* COLLECTED DATA *
--------------------------------

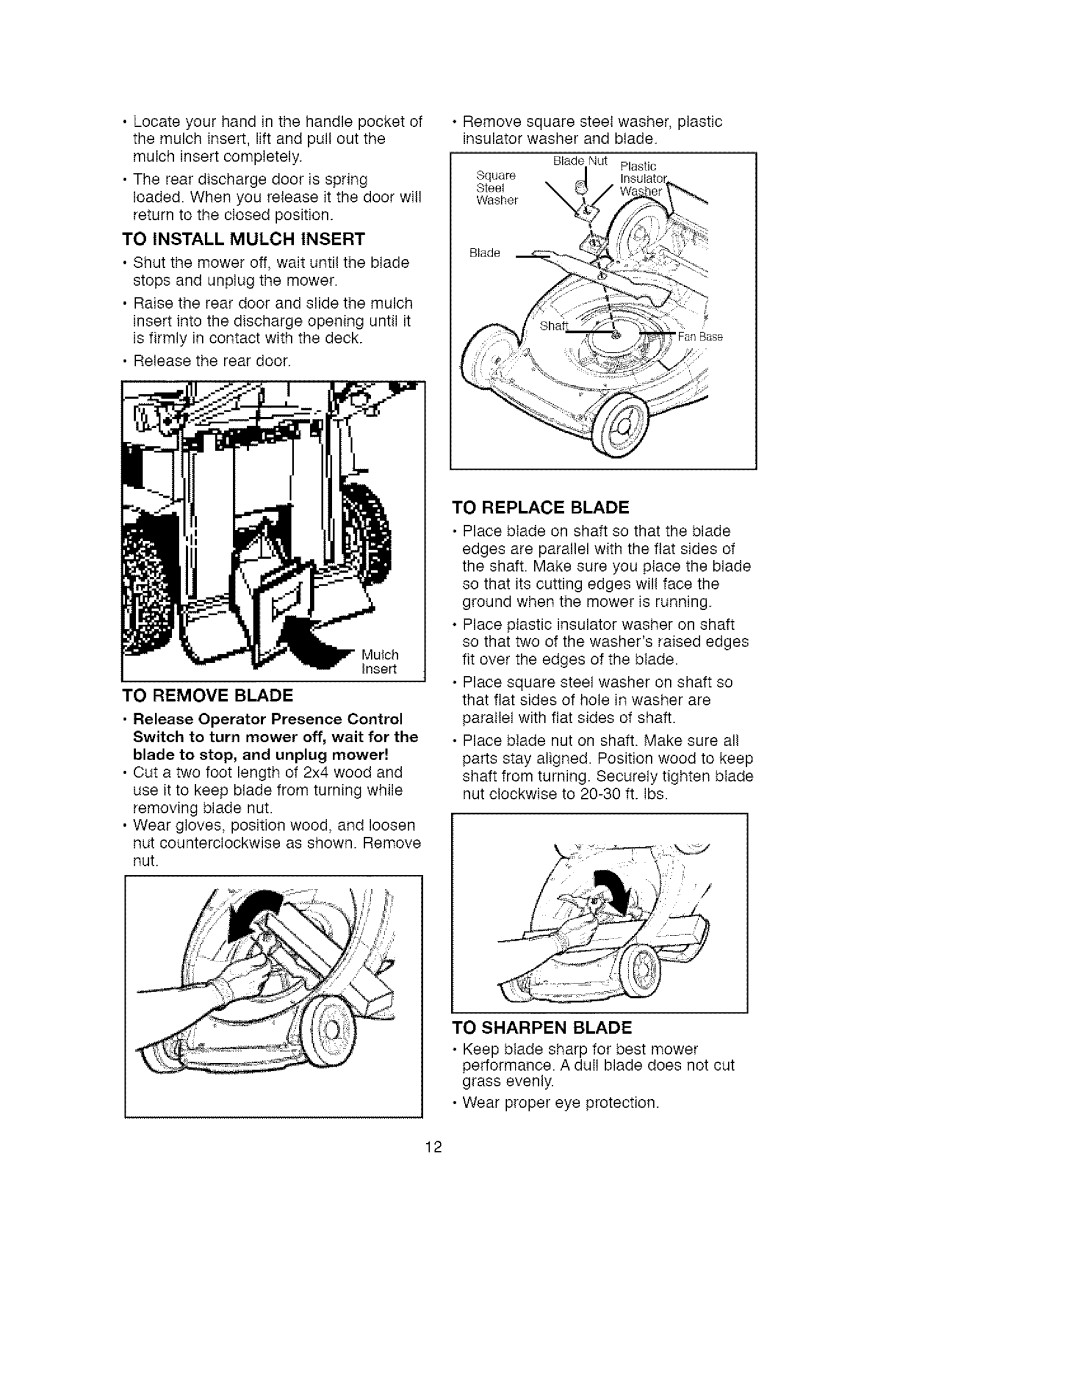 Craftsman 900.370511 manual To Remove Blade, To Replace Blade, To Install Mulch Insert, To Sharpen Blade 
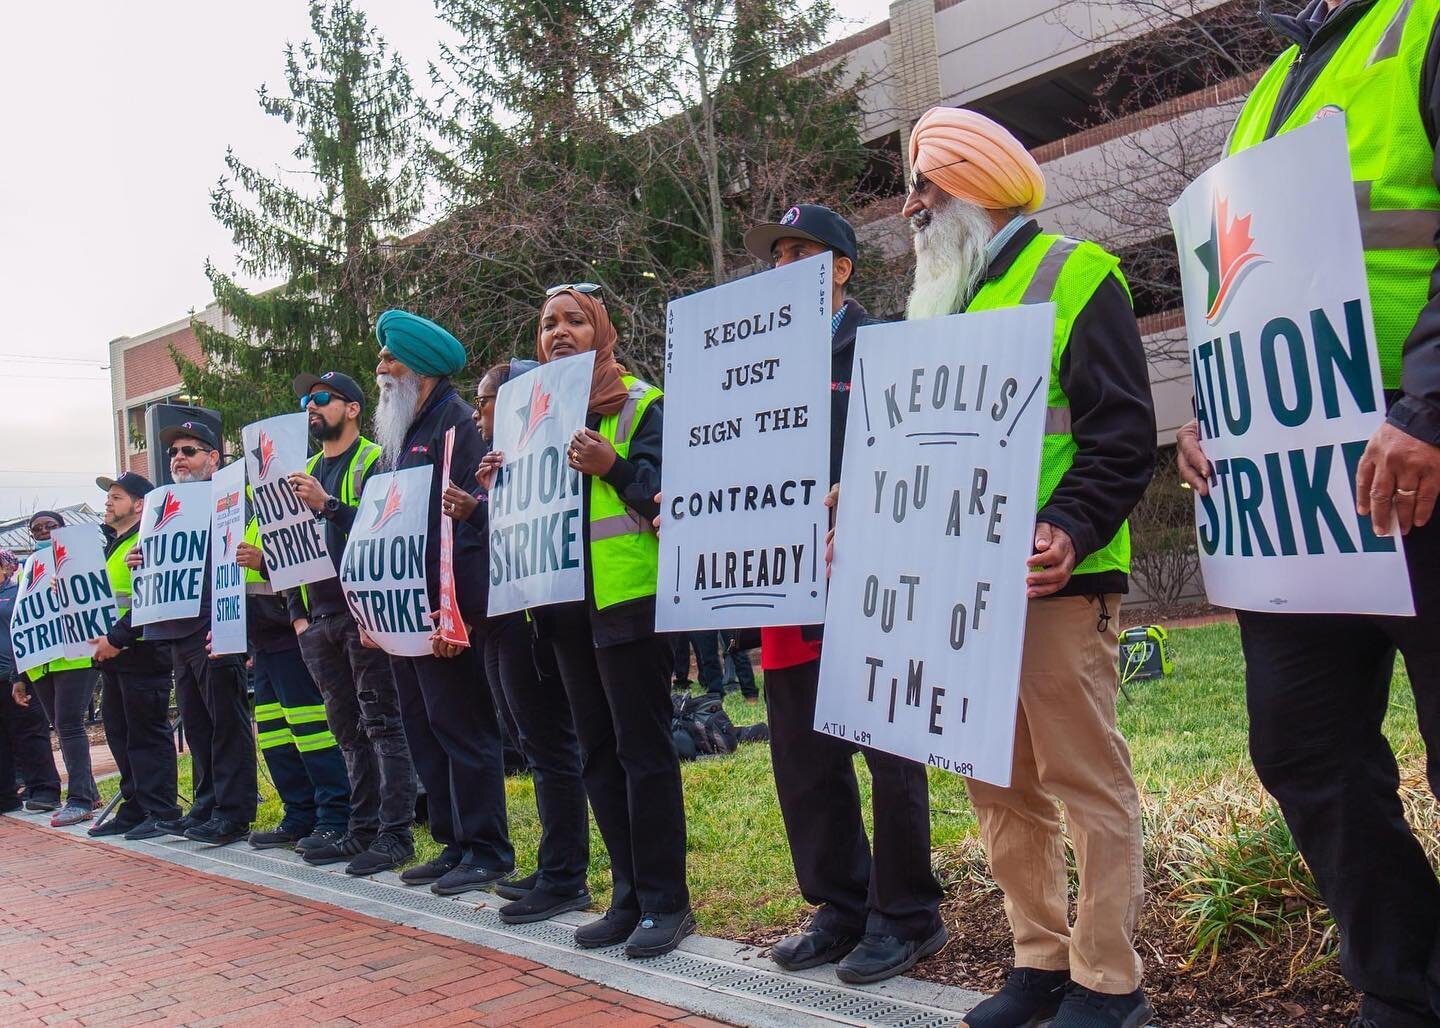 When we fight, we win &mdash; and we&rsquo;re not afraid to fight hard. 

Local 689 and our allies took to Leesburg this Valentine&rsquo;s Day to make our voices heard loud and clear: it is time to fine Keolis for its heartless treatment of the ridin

--------------------------------

* WHAT TO WORK ON *
All of the material must be repeated exactly in the answer, apart from the pictures.

* OUTPUT FOR THIS EXERCISE *
 Craftsman 900.370511 manual To Remove Blade, To Replace Blade, To Install Mulch Insert, To Sharpen Blade 
 When we fight, we win &mdash; and we&rsquo;re not afraid to fight hard. 

Local 689 and our allies took to Leesburg this Valentine&rsquo;s Day to make our voices heard loud and clear: it is time to fine Keolis for its heartless treatment of the ridin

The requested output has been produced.